## [Information provided]
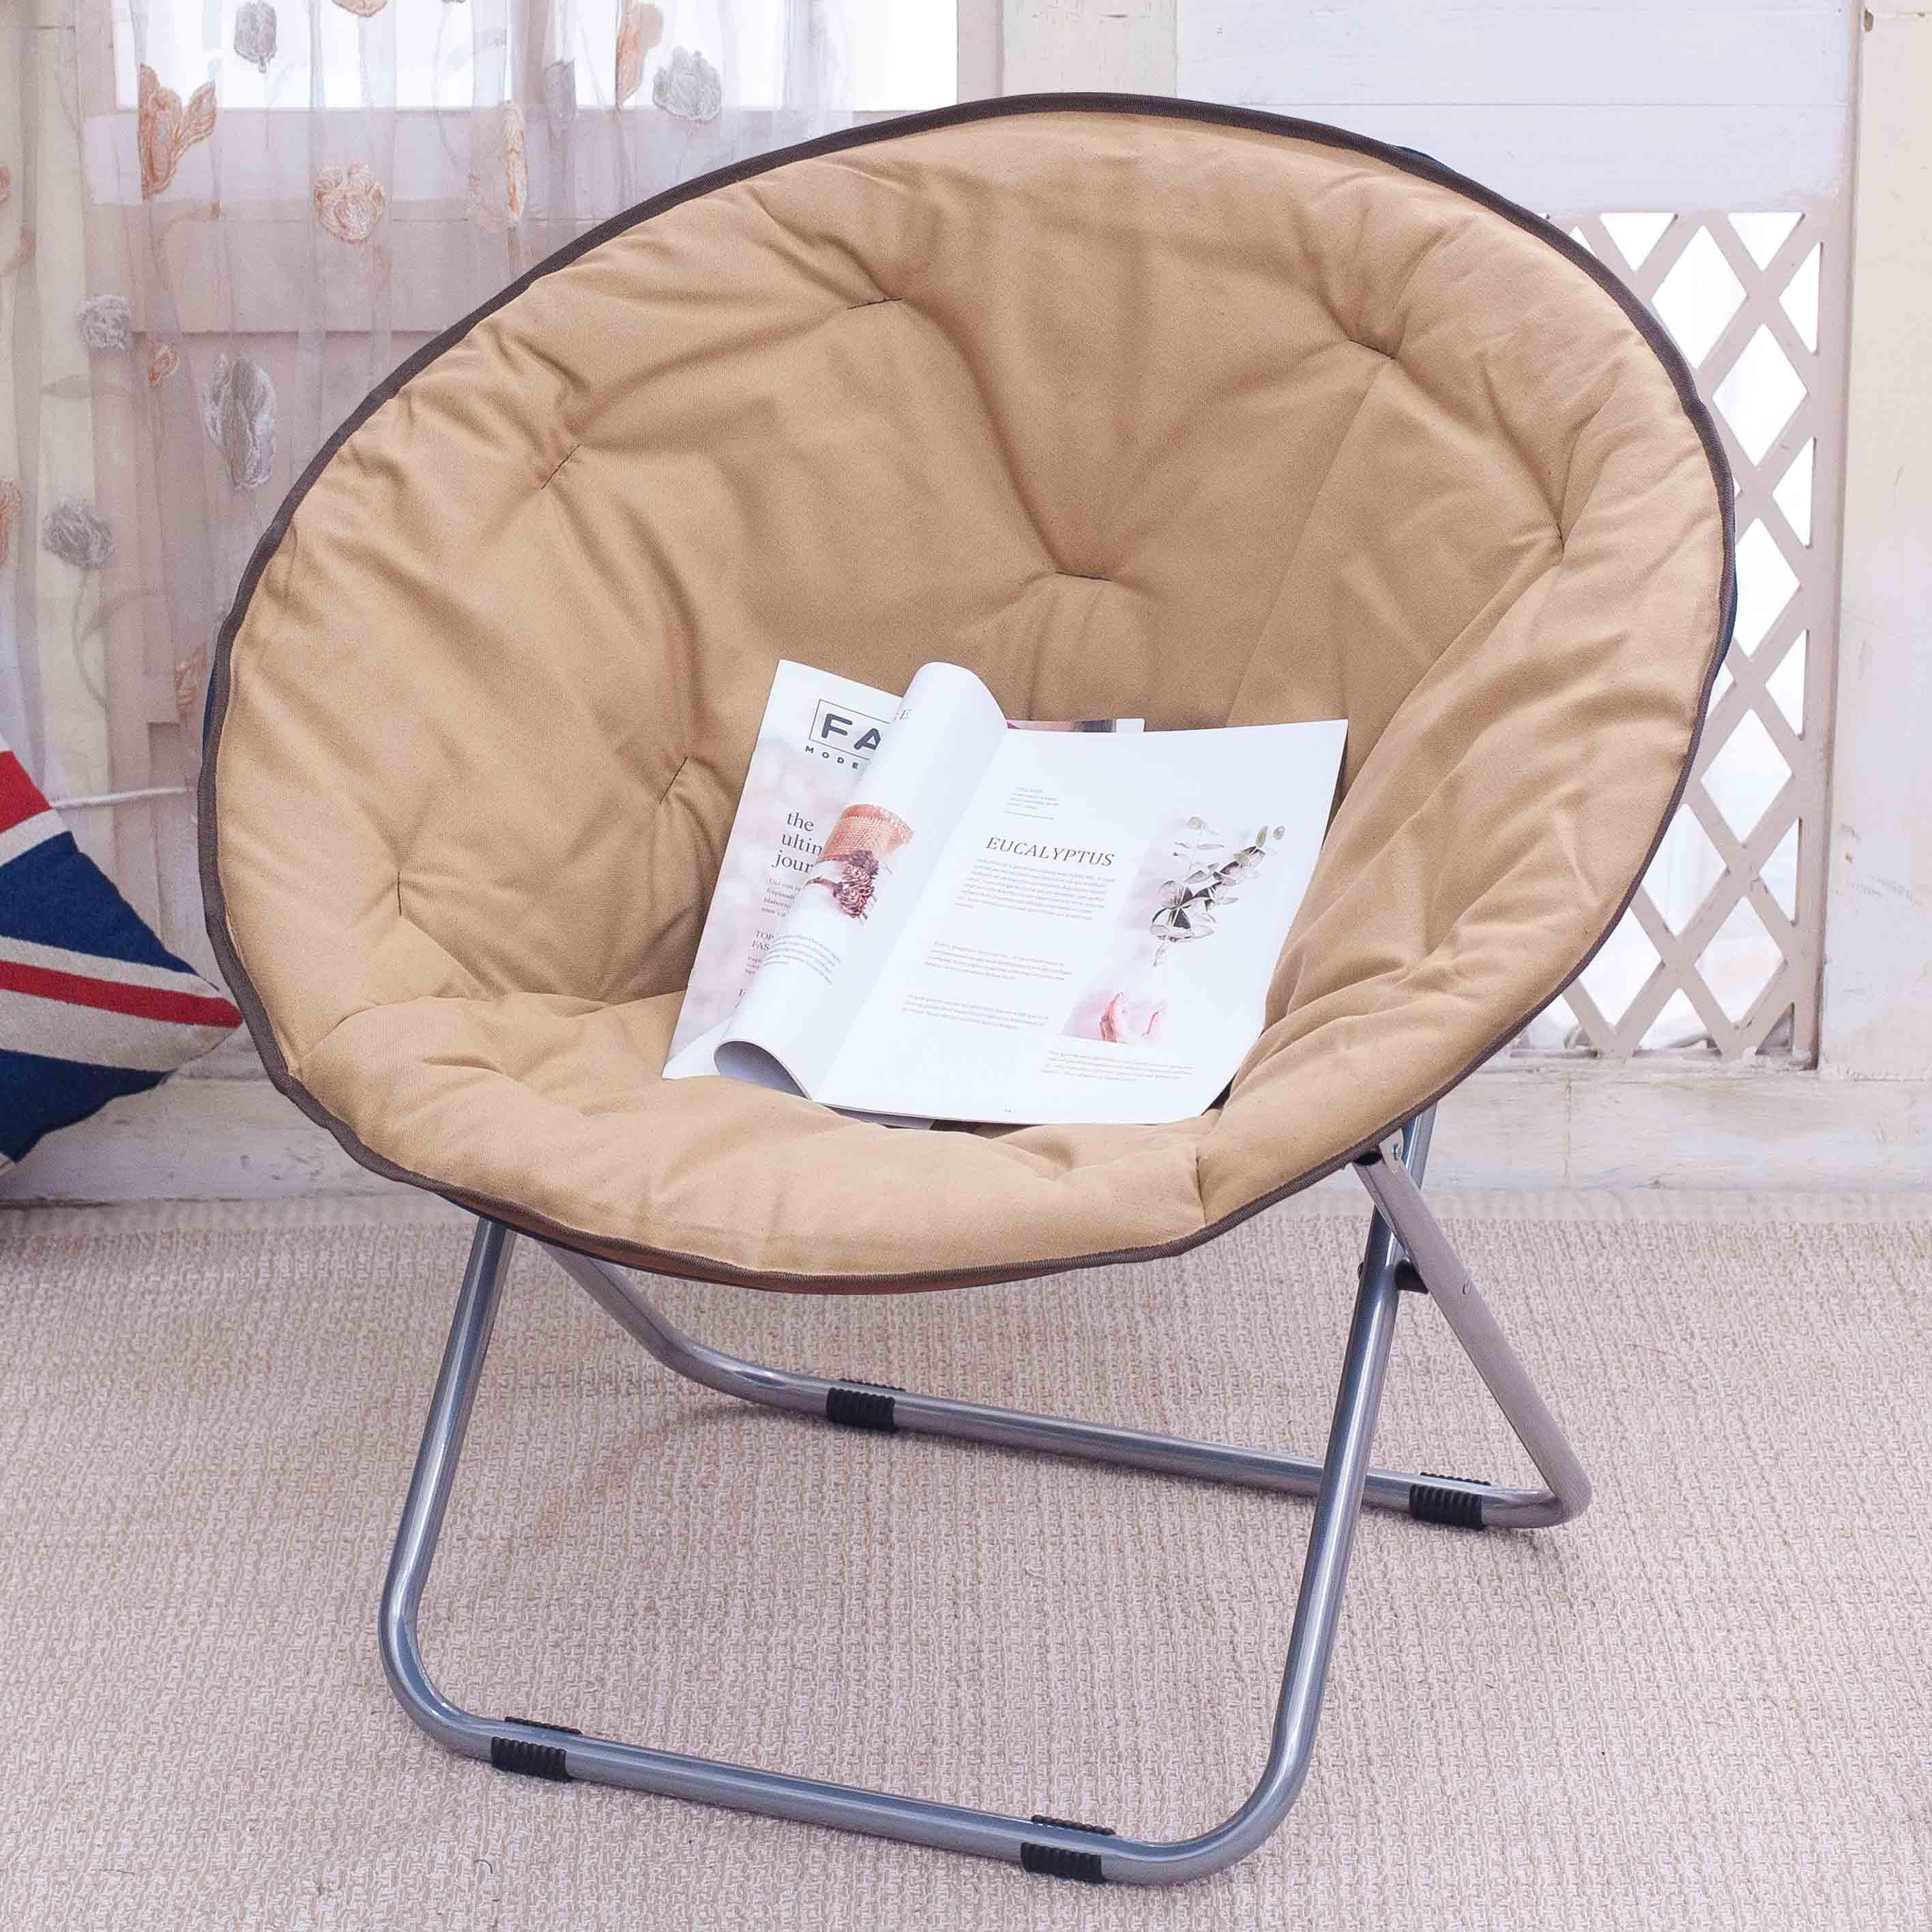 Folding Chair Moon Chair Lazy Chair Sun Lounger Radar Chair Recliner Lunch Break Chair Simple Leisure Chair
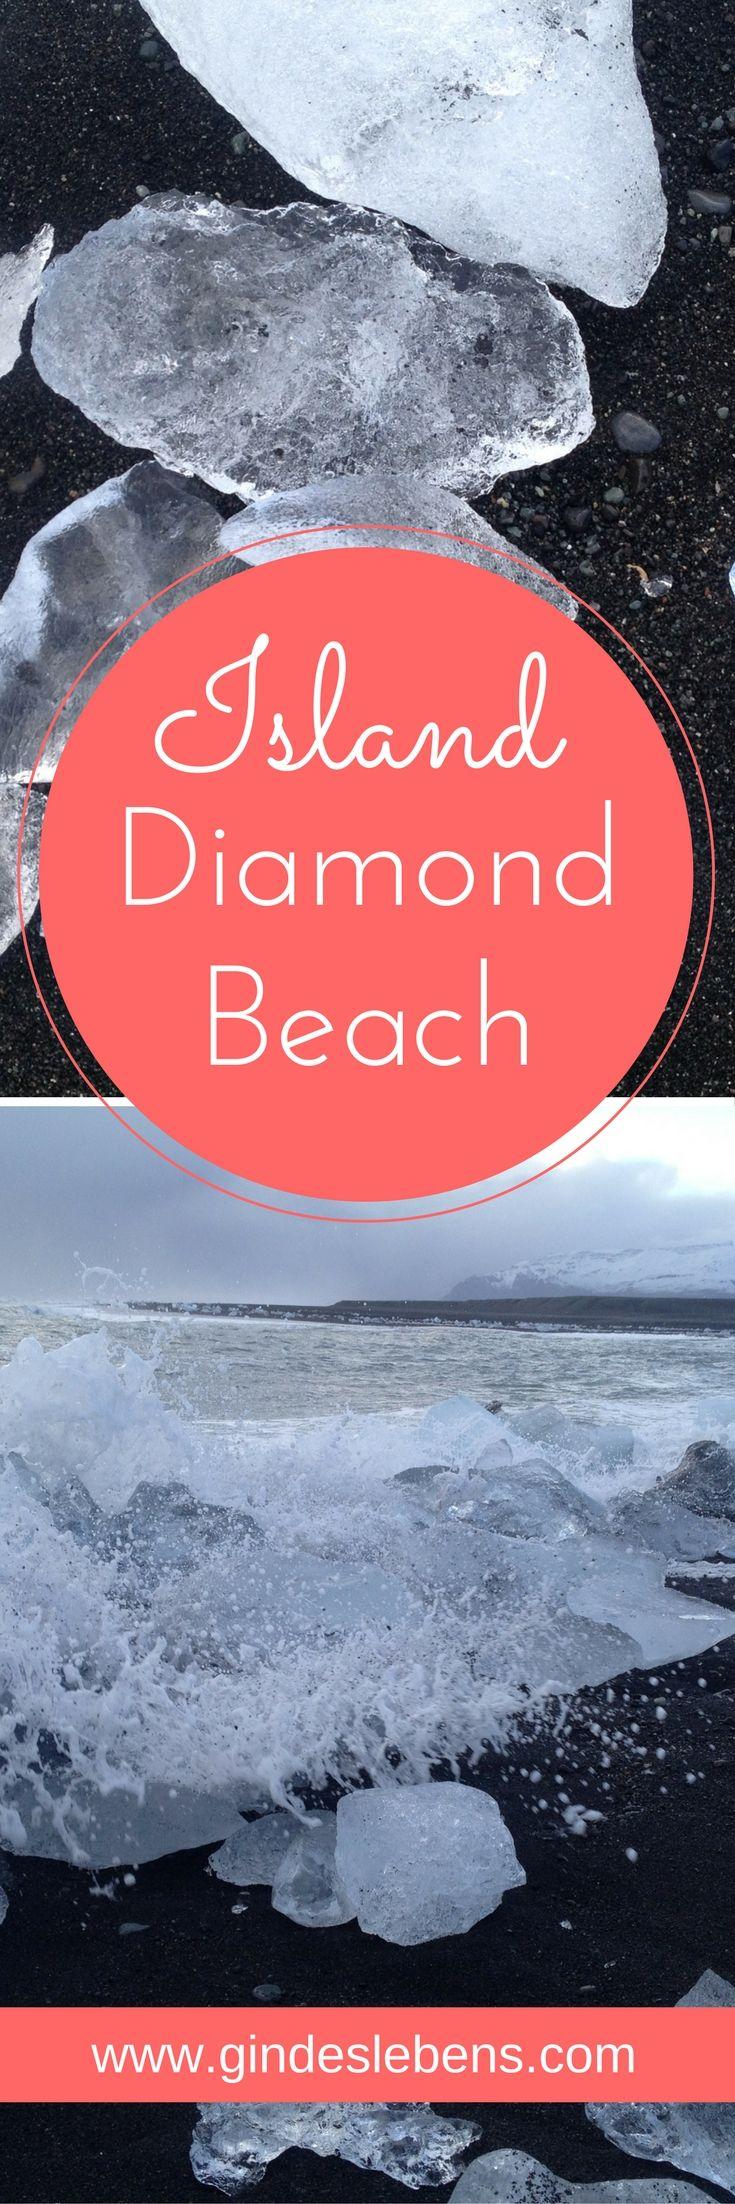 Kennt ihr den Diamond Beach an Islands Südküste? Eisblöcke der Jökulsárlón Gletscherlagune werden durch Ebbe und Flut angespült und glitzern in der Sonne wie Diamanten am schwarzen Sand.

...

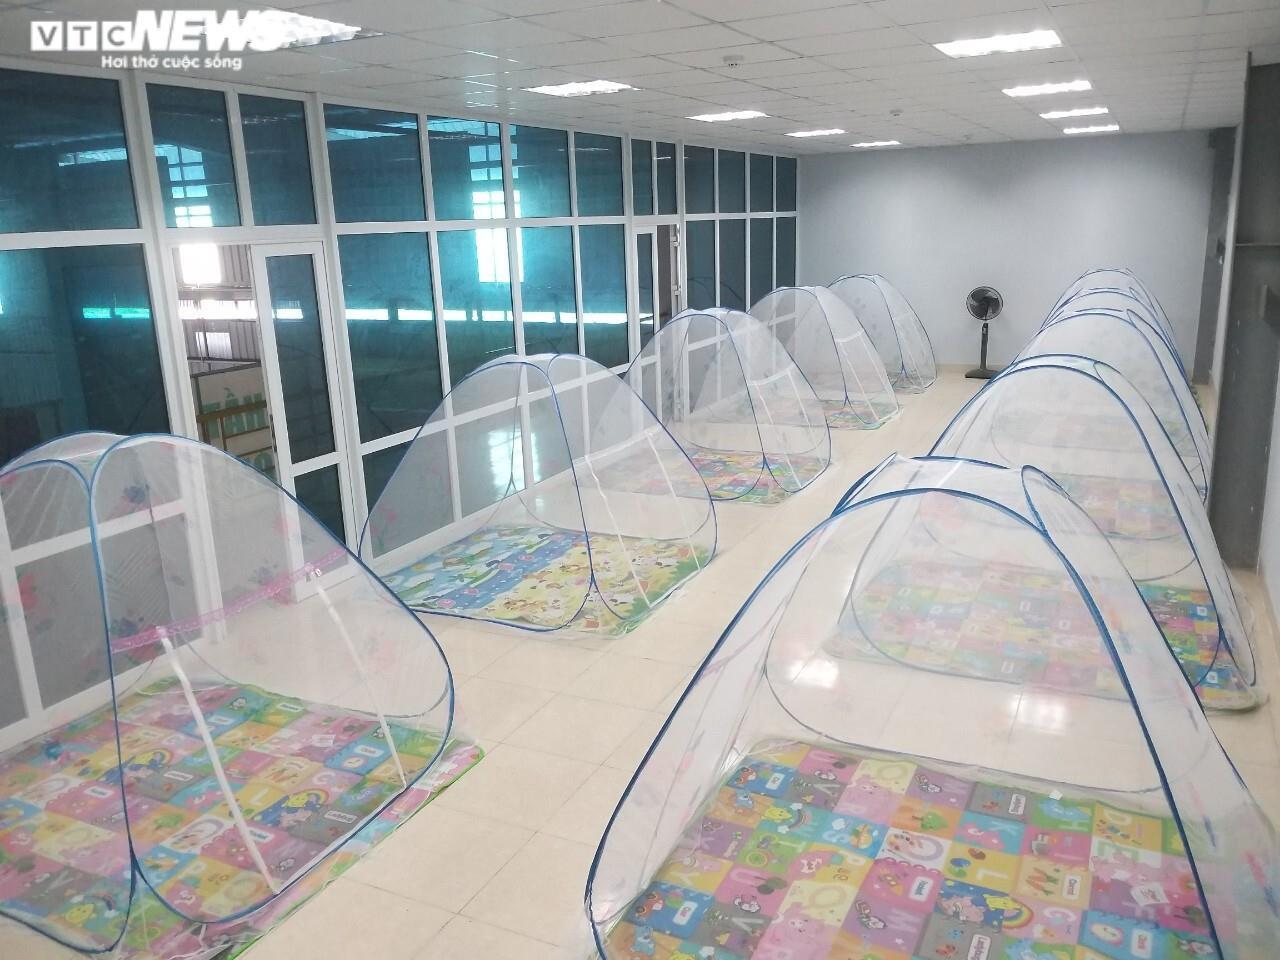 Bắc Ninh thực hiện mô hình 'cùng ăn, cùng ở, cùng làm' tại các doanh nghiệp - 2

## [Activity]
The lines to copy exactly start with the line above that has "Folding Chair Moon" and go on through the line that has "Kennt ihr den"; please include both, add nothing else, and omit the pictures.

## [Solution to the problem]
 Folding Chair Moon Chair Lazy Chair Sun Lounger Radar Chair Recliner Lunch Break Chair Simple Leisure Chair
 Kennt ihr den Diamond Beach an Islands Südküste? Eisblöcke der Jökulsárlón Gletscherlagune werden durch Ebbe und Flut angespült und glitzern in der Sonne wie Diamanten am schwarzen Sand.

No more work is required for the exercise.